10. Предпоследнюю фразу в своей жизни Флобер произнес тогда, когда вдруг почувствовал дурноту, но ничуть не забеспокоился: «Думаю, что сейчас у меня будет в некотором роде обморок. К счастью, это будет сегодня, а не завтра в поезде, что было бы весьма некстати».

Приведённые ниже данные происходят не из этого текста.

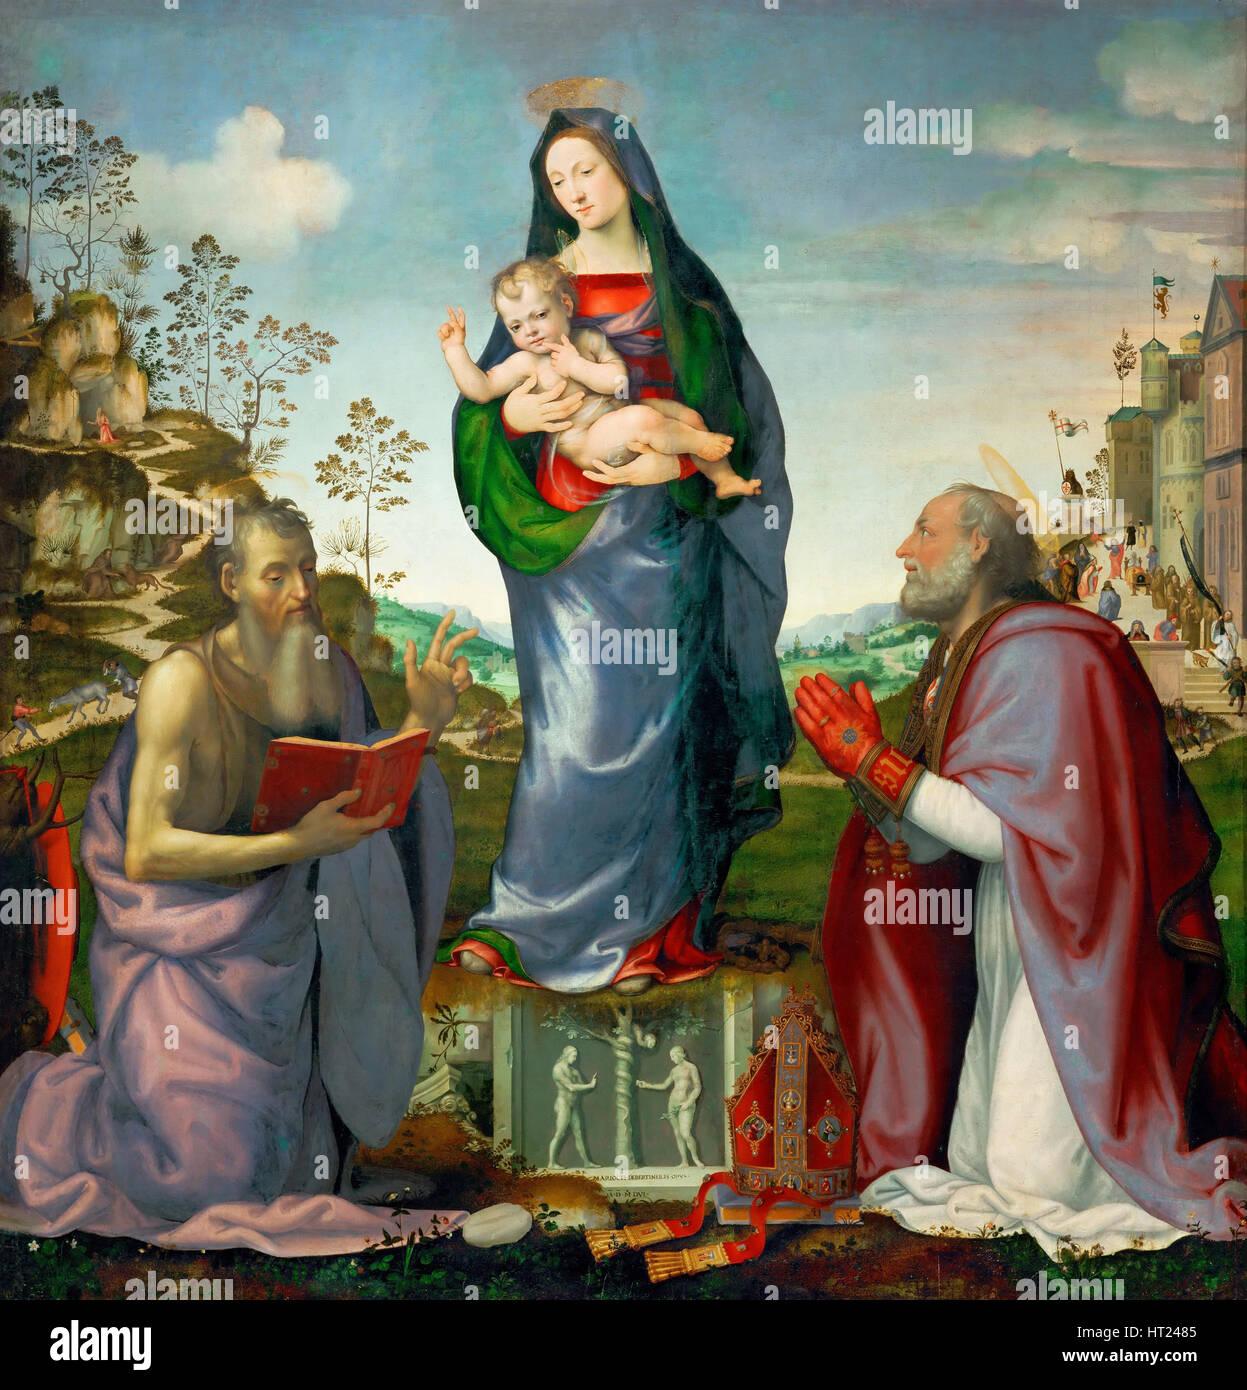 Madonna and Child with Saints James and Zenobius, 1506. Artist: Albertinelli, Mariotto (1474-1515) - Stock Image

11. Теперь остановимся. Круассе сегодня. На земле, где стоял дом Флобера, шумно работала большая бумажная фабрика. Я зашел в нее, мне рады были все показать. Я смотрел на поршни, клубы пара, чаны и сливные желоба и думал, сколько нужно воды, чтобы изготовить такой сухой продукт, как бумага. Я спросил своего гида, изготавливают ли они бумагу для печатания книг; она ответила, что они производят любые сорта бумаги. Я понял, что в моей экскурсии по фабрике не будет ничего сентиментального. Над нашими головами медленно проплыл огромный рулон бумаги в ширину футов двадцать, направляясь к конвейеру. Пропорции его были несовместимо огромны по сравнению с размерами цеха, и казалось, что кусок поп-скульптуры, испытывая судьбу, водрузили на весы. Я заметил, что этот рулон похож на гигантский рулон туалетной бумаги, и мой гид подтвердила, что я не ошибся, это действительно было так.
За стенами стучащей фабрики едва ли было тише. Грохотали грузовики, проезжая по дороге, там, где когда-то по обе стороны реки шла узкая тропа для буксирных лошадей, коперщики забивали сваи, ни одно судно не проходило мимо без того, чтобы не дать гудок. Флобер утверждал, что однажды Круассе посетил Паскаль и что в этих краях упорно держалась легенда, что именно здесь аббат Прево написал «Манон Леско». Теперь же некому подтвердить эту фантазию и некому поверить в нее.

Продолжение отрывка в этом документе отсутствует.